Cholla High School football coach Ed Brown, left, talks to a player during a game against Salpointe Catholic on Oct. 14, 1977.

Ed Brown was a Holy Terror, which is a good thing. He played for the Colorado Springs High School Holy Terrors β€” really β€” a dominant football player on the 1949 squad, a 6-foot, 200-pound linebacker. Brown, one of two Black players on the CSHS squad, said he was not recruited to play in college because of his race.

β€œActually, I was recruited,” he told me before his induction to the UA Sports Hall of Fame in 1997. β€œI was recruited by the United States Marines.”

β€œHe was quite an athlete,” his high school coach, Gib Funk, told the Colorado Springs Gazette in 1969. β€œEd was a responsible young man. He was highly thought of by both the whites and his own people.”

As a two-way star at the UA, Ed Brown rarely came off the field.

That should give you an idea of what Edward Howard Brown had to overcome after he was born in segregated Eupora, Mississippi, in 1932, moving with his parents and six siblings to Colorado in 1943.
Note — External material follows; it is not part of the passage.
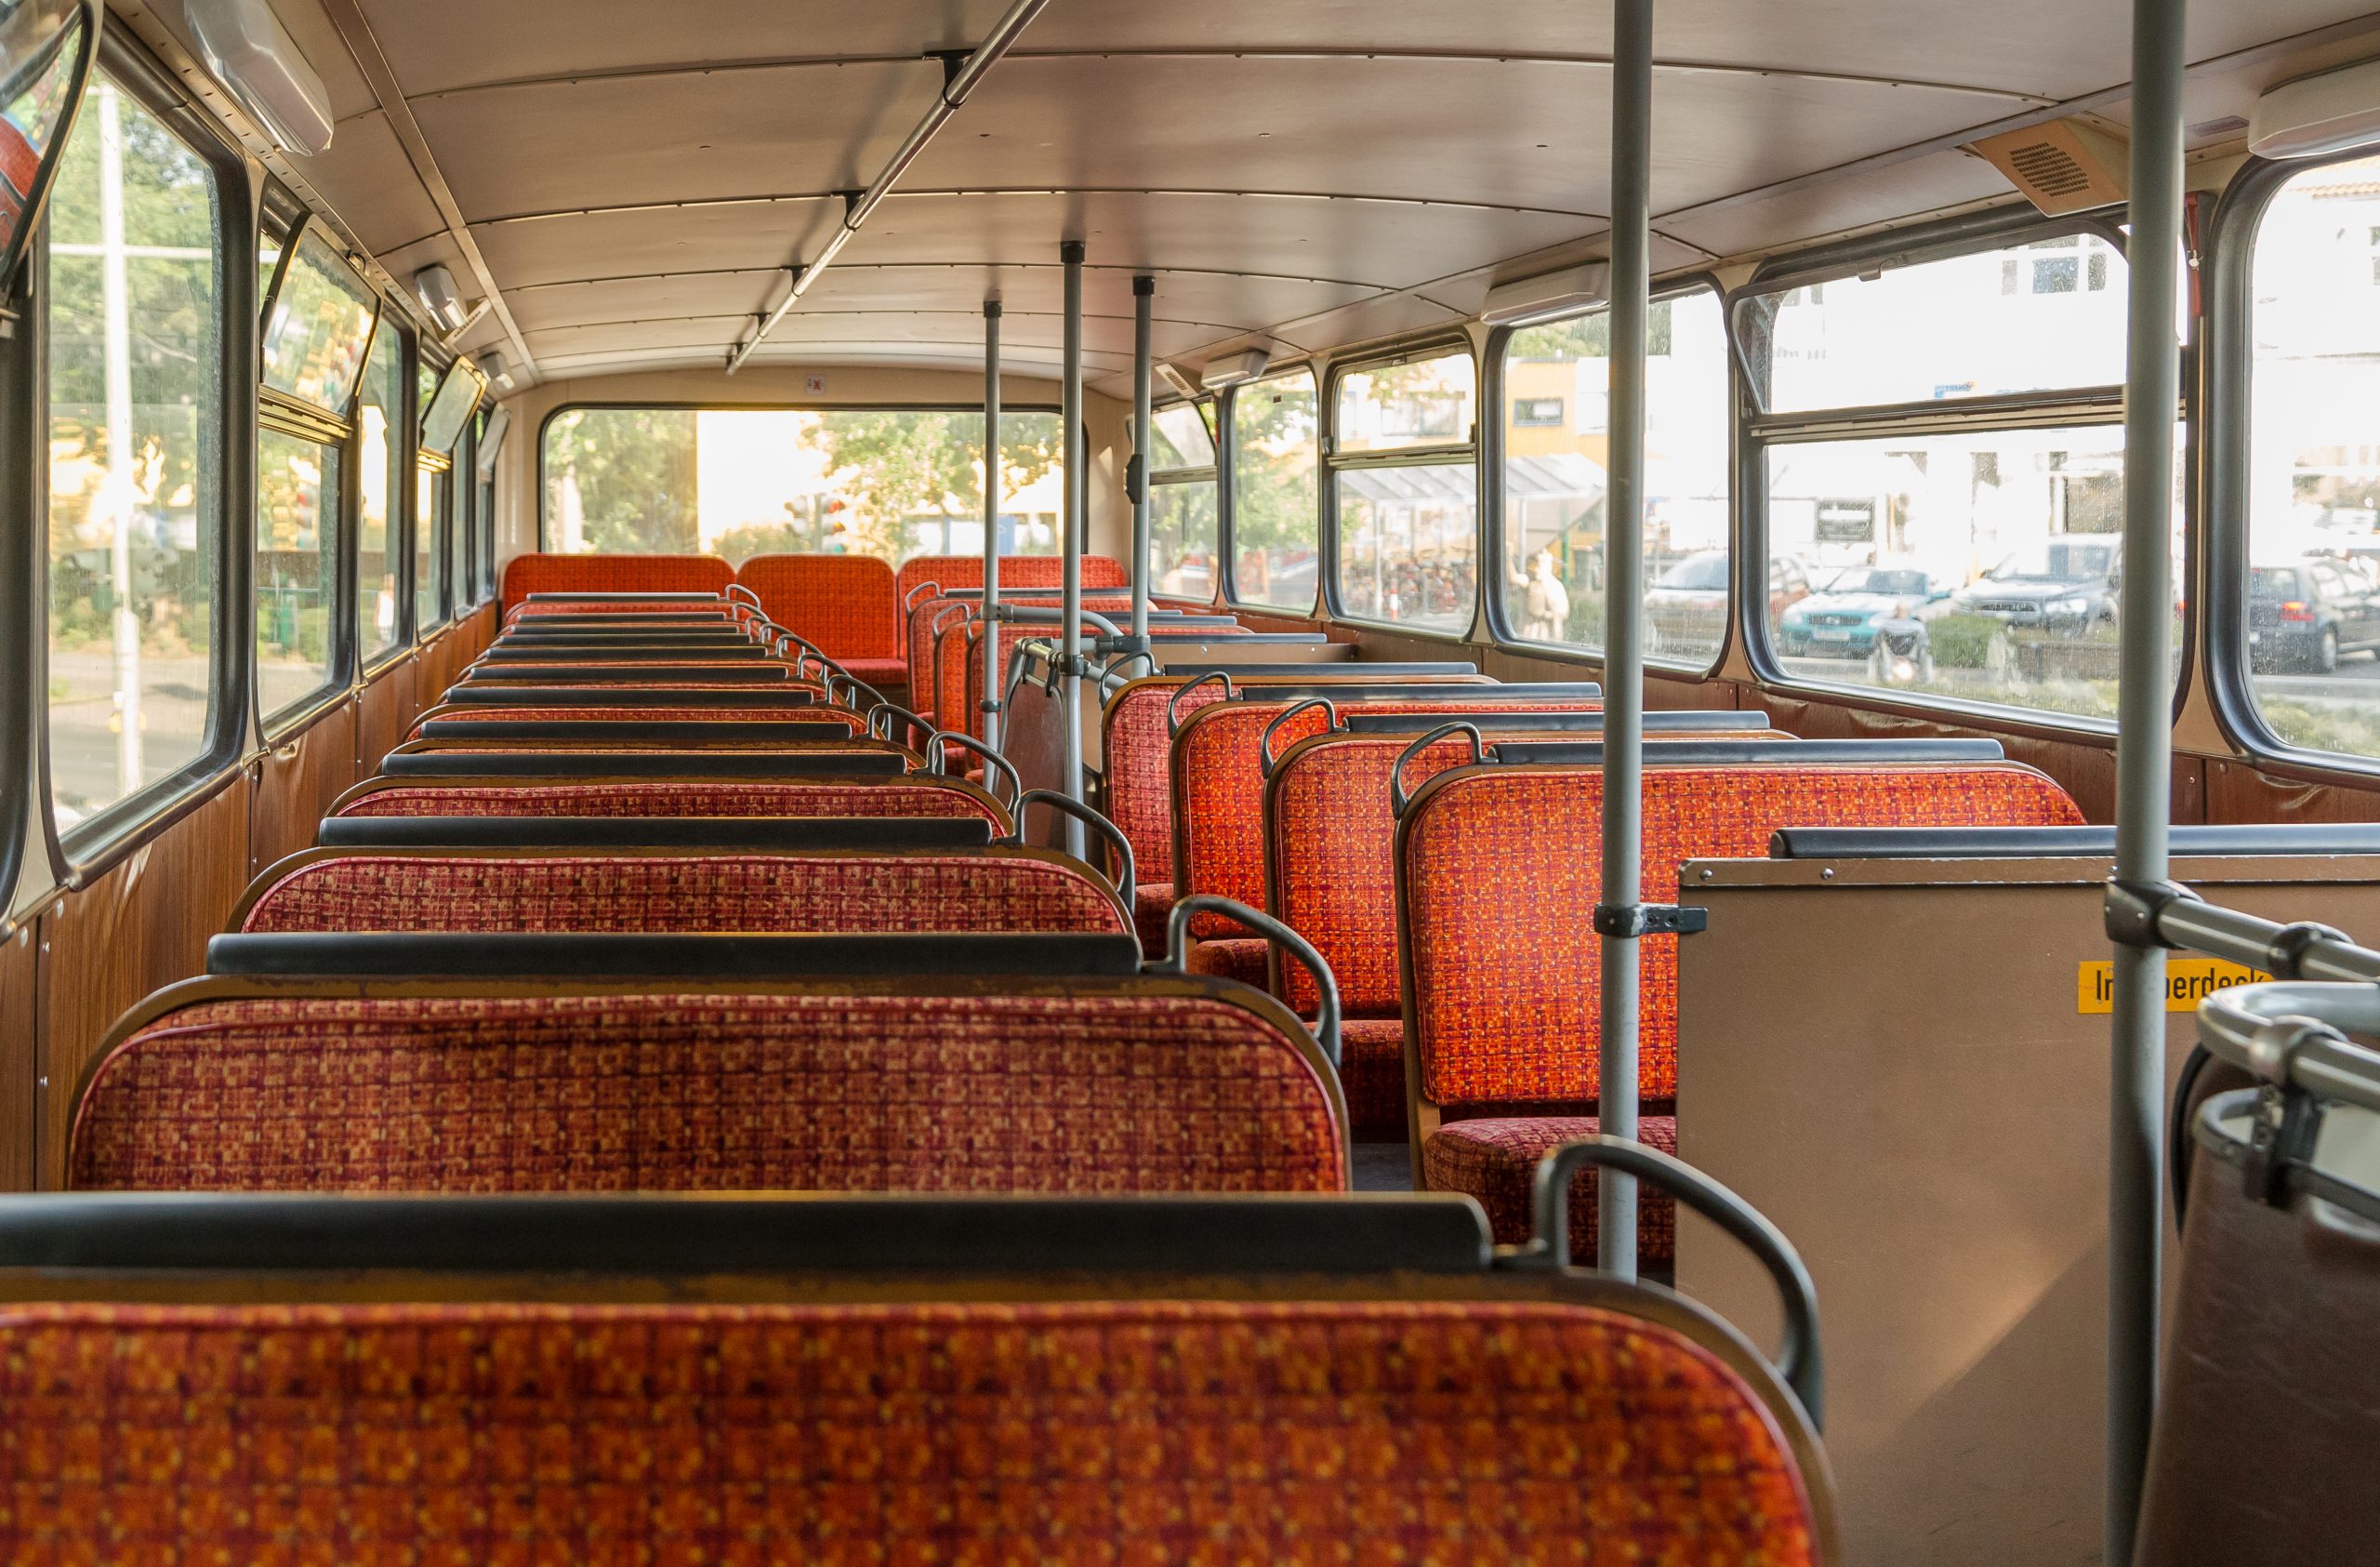 interior of a school bus

Brown, who is No. 20 on our list of Tucson’s Top 100 Sports Figures of the last 100 years, became so successful and so well respected that in the spring of 1969 Arizona athletic director Dick Clausen offered him a chance to be the first Black head coach at the major-college level. But Brown declined and instead became the head football coach at new Cholla High School.

He became the first Black head coach at a Tucson high school.

Brown’s road to the Pima County Sports Hall of Fame, Class of 1992, began while serving at the San Diego Marine Corps Recruiting Depot in the early 1950s. He became an all-service lineman, impressing his coach, Joe Stribling, so much that Stribling phoned his former coach at Hardin-Simmons University, Warren Woodson, who had just become the head coach at Arizona.

β€œJoe told me that Ed Brown could play for anybody, Notre Dame or USC, but that they weren’t recruiting him because he was (Black),” Woodson told me. β€œWell, that didn’t stop me. We only had one other Black player at Arizona, but Joe said Ed was the kind of guy who would be a team leader.”

Was he ever.

Brown started his first game as an Arizona freshman, in 1954, as well as all 40 games he played as a Wildcat. He rarely came off the field, playing guard and linebacker, becoming an All-Border Conference selection.

His main job was to clear a path for Art Luppino; the β€œCactus Comet” would lead the NCAA in rushing in 1954 and 1955.

β€œYou’d never see Ed sweat,” Luppino told me. β€œHe was a leader under some difficult circumstances. I never met a better gentleman.”

Upon graduation, Brown was offered $7,000 to play for the Cleveland Browns but chose to stay in Tucson and pursue a more secure path as an educator. He was quickly hired by Pueblo High football coach Lou Farber, who made Brown his defensive coordinator. Together, Farber and Brown led Pueblo to the 1961 state championship and the 1967 state finals.

Ed Brown talks about coach Lou Farber during a memorial service for his longtime friend and colleague in 2002.

The union between Farber and Brown was so strong that when Cholla offered Brown its head coaching job in '69, Farber attempted to keep Brown at Pueblo.

β€œI would’ve stepped down and been Ed’s assistant if he wanted,” Farber told the Star. β€œHe can coach at UA β€” they want him β€” but he wanted to work with youngsters.”

Coaching football at Cholla was one of the most difficult assignments in Southern Arizona prep football, then and now. Over 18 seasons, Brown’s Chargers went 91-98-2. The impact he made on young men was so strong that his record came off as more like 191-98-2. Upon his retirement, Cholla named its football facility Ed Brown Stadium.

β€œBesides my dad, Ed had the most influence in my life,” said Curly Santa Cruz, an all-city standout at Pueblo in the early '60s. β€œHe’s a man of high character.”

Santa Cruz should know. He became a coaching rival of Brown’s and did so well that Pueblo’s football stadium is now named Curly Santa Cruz Stadium.

Brown retired from coaching in 1988. He died of leukemia in 2012.